Zvi disagreed. "How could we leave Moshe alone with the two children? No, we have to stick together. Whatever happens, happens." As it turned out, we could help Moshe very little, but perhaps just having us there made him feel a little more secure.
Scorched from the sun and the heat, we nevertheless fasted the whole day, and suffered greatly from thirst. Toward evening, several young Jewish boys from this town of Chust managed to get close to the yard, and from outside the high fence they whispered in to us, to try to calm our fears. They told us we would be taken to Poland where there were lots of empty houses that people left after the Hungarians marched in there. This was only a rumor - who knew where we were going to be taken - but I guess these boys didn't know what else to tell us to calm our anxieties.

Overnight we remained in that yard. Mothers and fathers tried to make the best of it, laying down jackets or other clothing on which their children could sleep. Infants and babies literally went to sleep on their mothers' breasts. Thank G-d it was a warm night and didn't rain. Late at night, most of the cries subsided, and we could only hear occasional sighs, the moans and groans of the adults. I could barely sleep; nor for that matter could many others. Stunned by my predicament, I gazed absentmindedly up at the clear summer sky. Who knew what to think, what to expect, what to do! Zvi kept trying to calm me, saying, "We will overcome, we will overcome." As far as we knew then, his wife and baby, were still in Kalin. We didn't know their fate, yet we hoped they'd be spared deportation and may be safe by being further from the border.

Like a flock of sheep, we huddled in the yard that night, still not believing we were in imminent danger. I'm certain now that had we known we were being earmarked for destruction, we would have resisted. I am forced to the same conclusion: our eternal Jewish belief in hope contributed to our own demise during the Shoah.

In the morning, soldiers and gendarmes entered the yard, and started chasing us toward the gate with sticks and rifle butts.
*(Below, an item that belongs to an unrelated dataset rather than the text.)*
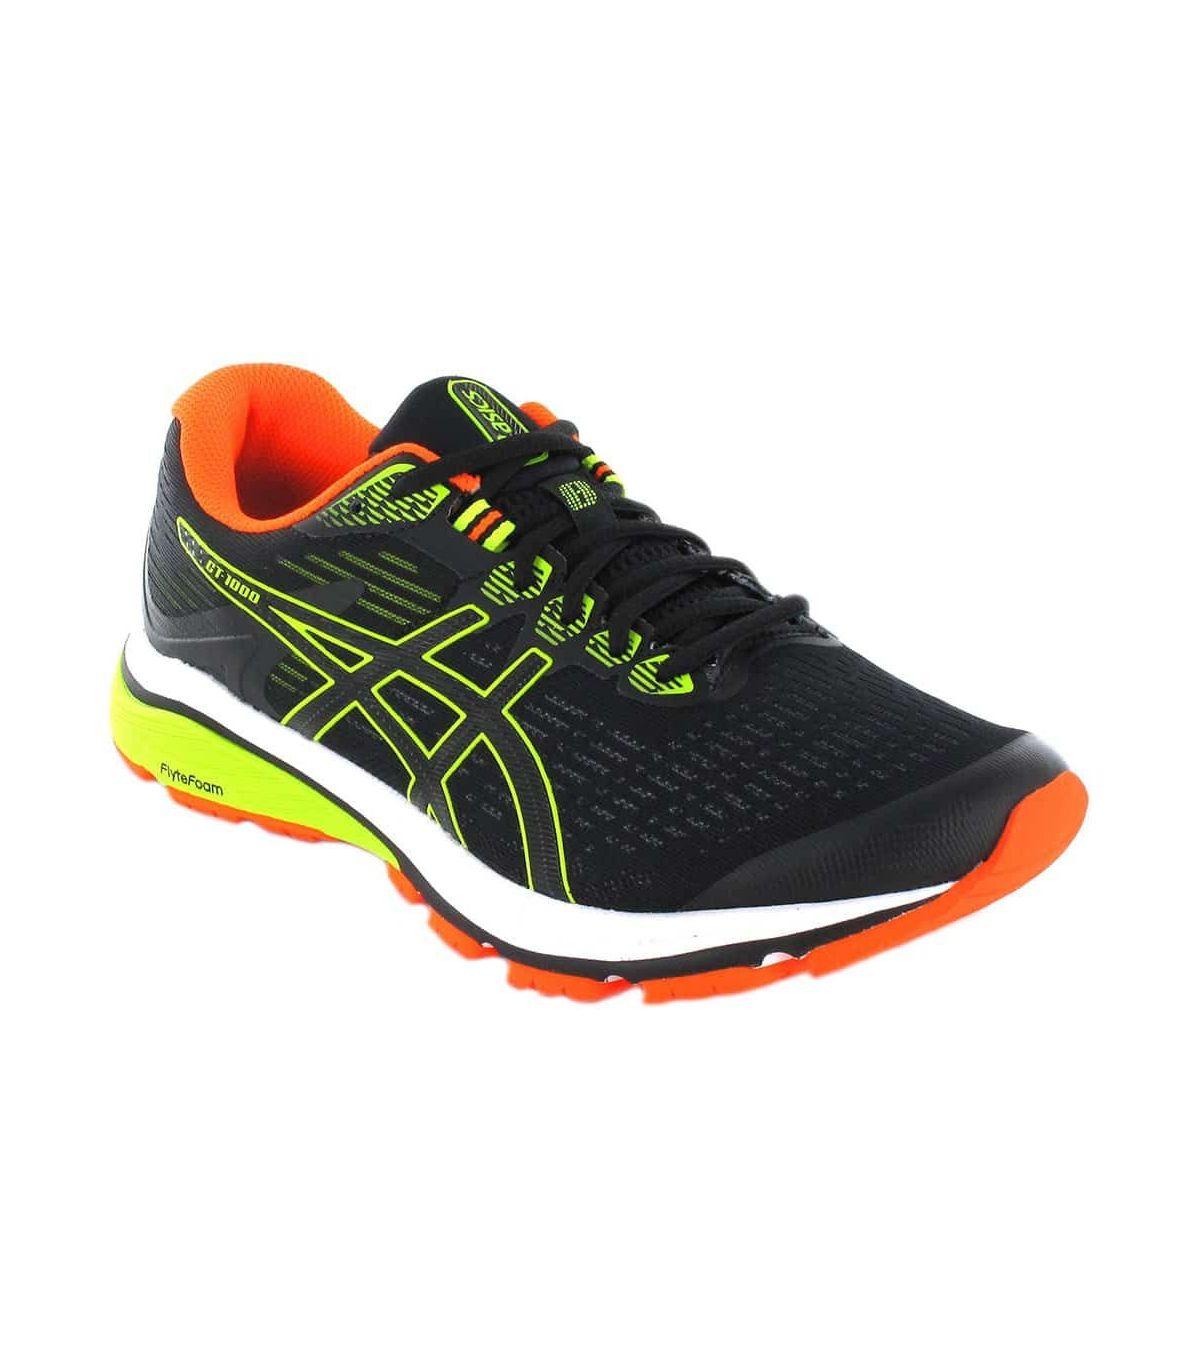 Asics GT 1000 8 Asics Chaussures de Course de Mens Chaussures de course Running Tailles: 41,5, 42, 42,5, 43,5, 44, 44,5, 45, 46

Again I heard anguished screams from all over the place, cries that reached up to the sky. Families struggled to stay together and share the same destiny. Once outside, we saw that military transport trucks had pulled up for us. The trucks were open, uncovered. Gendarmes and soldiers pushed and beat people with their sticks and rifles, and loaded us onto the trucks until it wasn't possible to force even one more person on board. I have no idea how many of us were jammed onto each truck, but we managed to stay together - Moshe, his wife, the two children, Zvi and I.